For my friend in the Calais Camp
It was easier before you were real,
just a silhouette by a foreign sun,
a figure hunched and alien.
It was easier when I’d not yet heard
the baritone tremor of your laugh,
or felt your hand - like ice - in mine.
When we'd not yet shared a joke
or choked back tears together.
But now, you are real, so painfully alive -
your story gnawing at my bones,
shaking my soul awake.
Now, all sense seems flawed.
Any idea of justice dashed.
For how do you deserve to fall like this
when I always land so soft?
Your thoughts seem fragile, brittle,
like your pain might crack if I were to tap you
or ask too much.
So we talk of happy times - your family picnics.
Rainbowed dishes peppered and perfumed,
a thousand miles from the tins I hand you.

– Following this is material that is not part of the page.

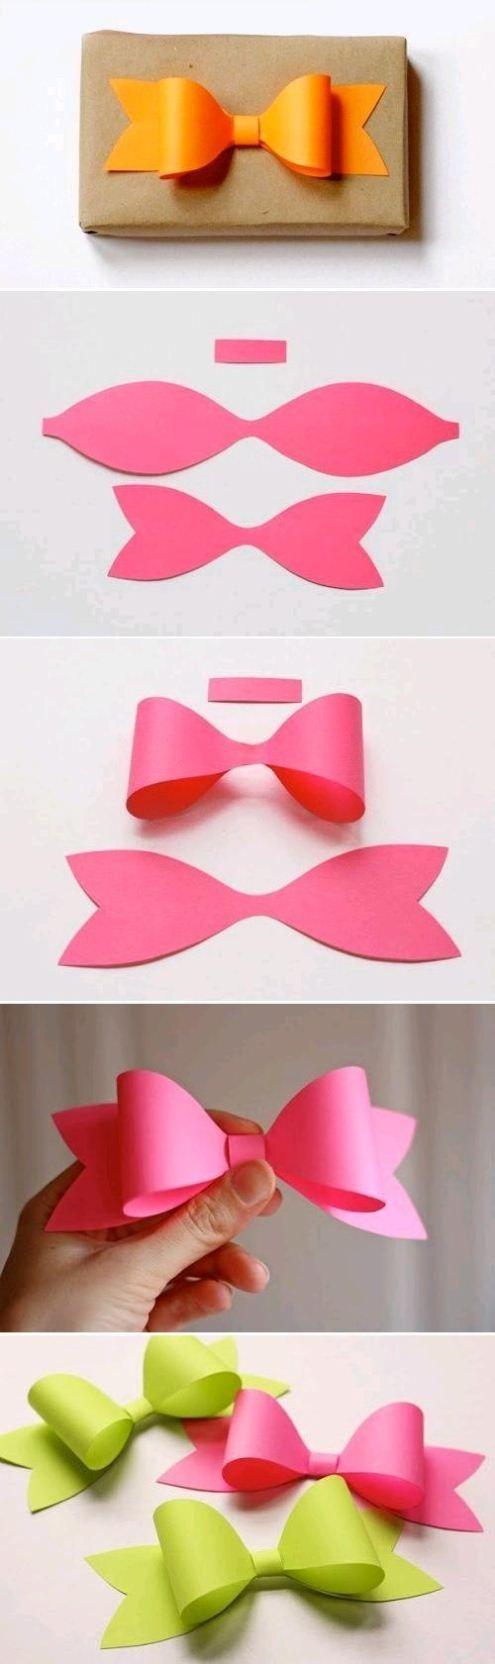 3-D Bows
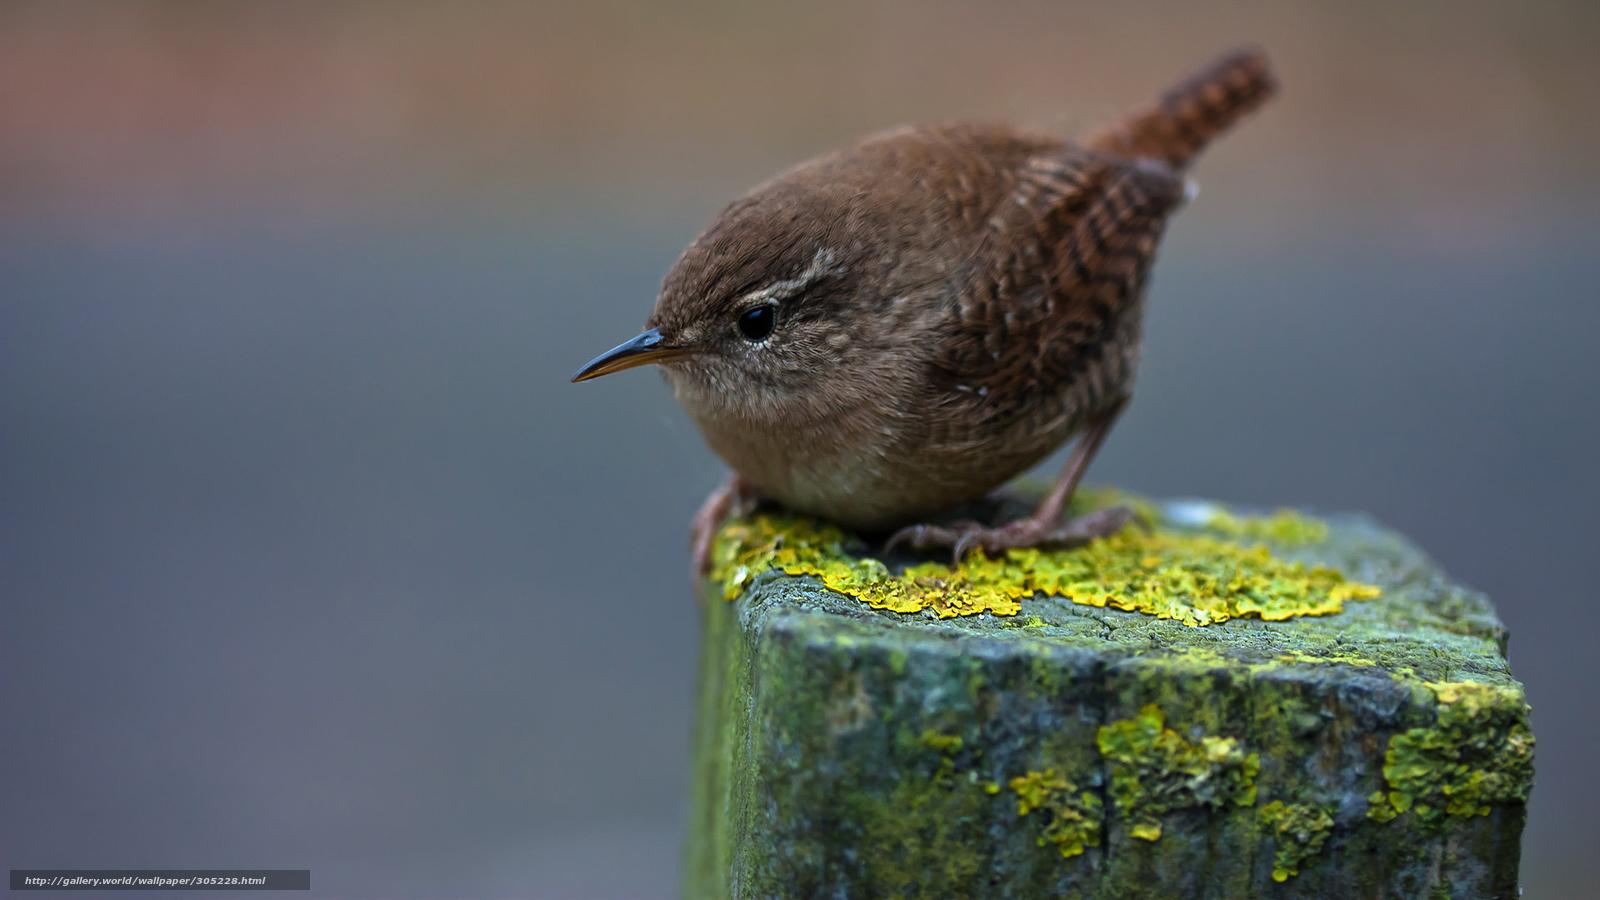 Tlcharger fond d 39 ecran gris petit oiseau sur colonne for Petit oiseau gris

You share your life stories with me.
The chubby toddler - with kisses like powdered sugar -
chasing all the neighborhood girls.
The overachiever, the teacher's favourite, first hand up in class.
The beloved son - wrapped in love - raised on whispers of peace and hope.
Then the terrified man, alone.
You ask me to write of your journey,
a chapter of which you cannot yet speak.
And I will try my friend, I will try.
But, my God, make it a happy ending
for I refuse to write you anything but.